Ross became nationally famous when he published a sociolinguistic study of present-day English, ‘Linguistic class-indicators in present-day English’ (Neuphilologische Mitteilungen, 55, 1954, 20–56), popularized in various publications, most notably with Nancy Mitford in 'Noblesse Oblige: an Enquiry into the Identifiable Characteristics of the English Aristocracy' (1956). In all of these he attempted to distinguish upper-class linguistic usage, ‘U’, from that of the other classes, ‘non-U’. The foundations for that work had been laid as an undergraduate amusement at Oxford. He knew that the linguistic study of social class ‘marches with anthropology’, yet his assertion that in English ‘it is solely by its language that the upper class is marked off from the others’ led him to some circularity: his own usage was always pivotal to what he regarded as U. He admitted that such class-distinguishers were not for all time, but changed from generation to generation. His listings are comprehensive, and though his analysis may be the result of impression rather than of establishing a corpus sufficient for his scientific purpose, no other of Ross's writings so well show his wit, a quality that made him delightfully amusing company.
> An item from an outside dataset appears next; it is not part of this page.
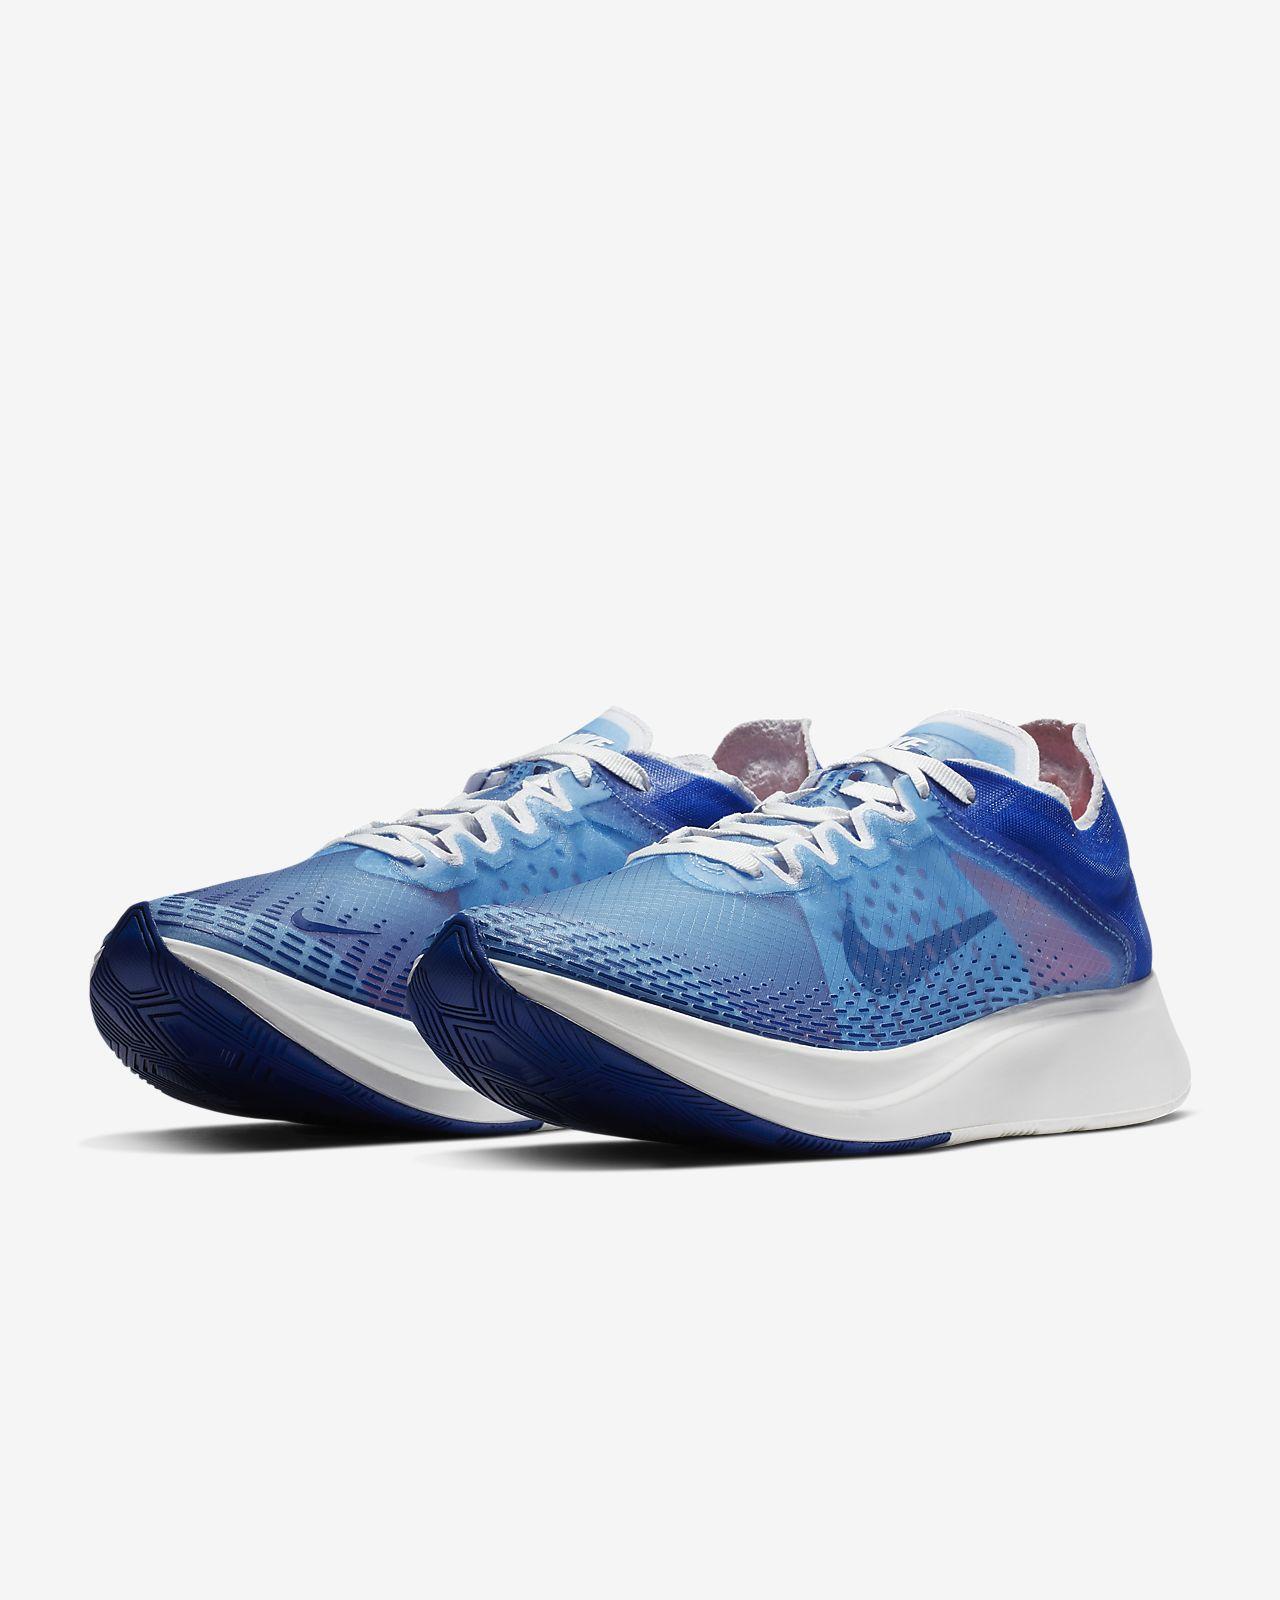 c85544810dc4 Nike Zoom Fly SP Fast Women s Running Shoe. Nike.com
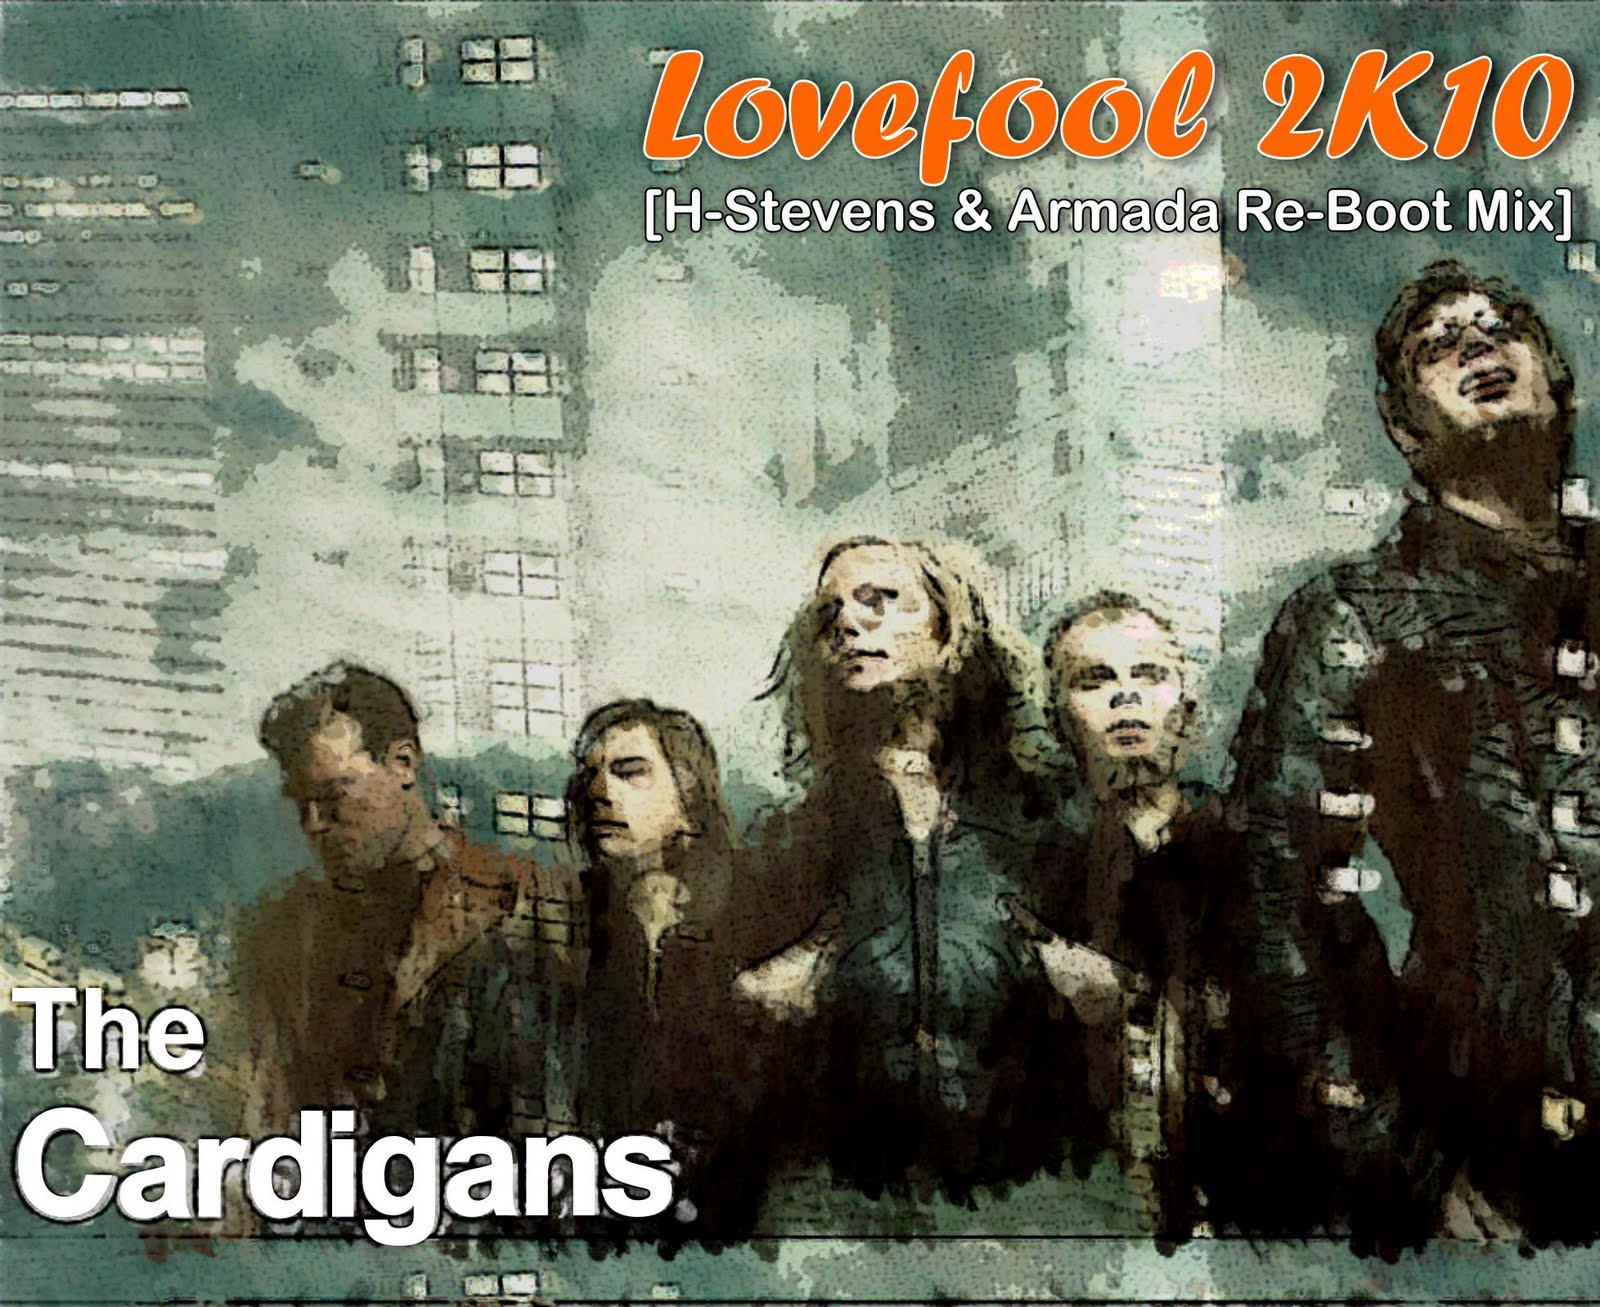 http://3.bp.blogspot.com/_rF_VQb3ztD4/TCVeoR7yTII/AAAAAAAACjs/lnFy2QHW5fc/s1600/The+Cardigans+-+Lovefool+2k10+%5BH-Stevens+%26+Armada+Re-Boot+Mix%5D.JPG

Alan S. C. Ross died of cancer on 23 September 1980 in St Barnabas's Hospice in Worthing, Sussex. He was buried in the Lodge Hill cemetery, Selly Oak, Birmingham, probably on 30 September that year

Source: E. G. Stanley, ‘Ross, Alan Strode Campbell (1907–1980)’, Oxford Dictionary of National Biography, Oxford University Press, 2004; online edn, May 2006 Accessed June 2017

For further reading about the University of Birmingham see: Eric Ives, Diane Drummond, Leonard Schwarz The First Civic University: Birmingham 1880-1980 An Introductory History ( The University of University of Birmingham Press. 2000 ).
AcquisitionThis collection was deposited in 1963 and 1964.
Related MaterialUniversity of Birmingham Information Services, Special Collections Department also holds the archives of the University of Birmingham and archives of other former staff, officials and students.

The Letters Additional Collection in the Special Collections Department, GB 0150 LAdd, includes a substantial quantity of correspondence of Professor Ross and includes correspondence about Anglo-Saxon charms, etymologies, "wastel bread", patience games, his work on ginger, a book on Pitcairn: LAdd/250-375, 730-872, 1365-1408, 1546-1629, 5754-5793.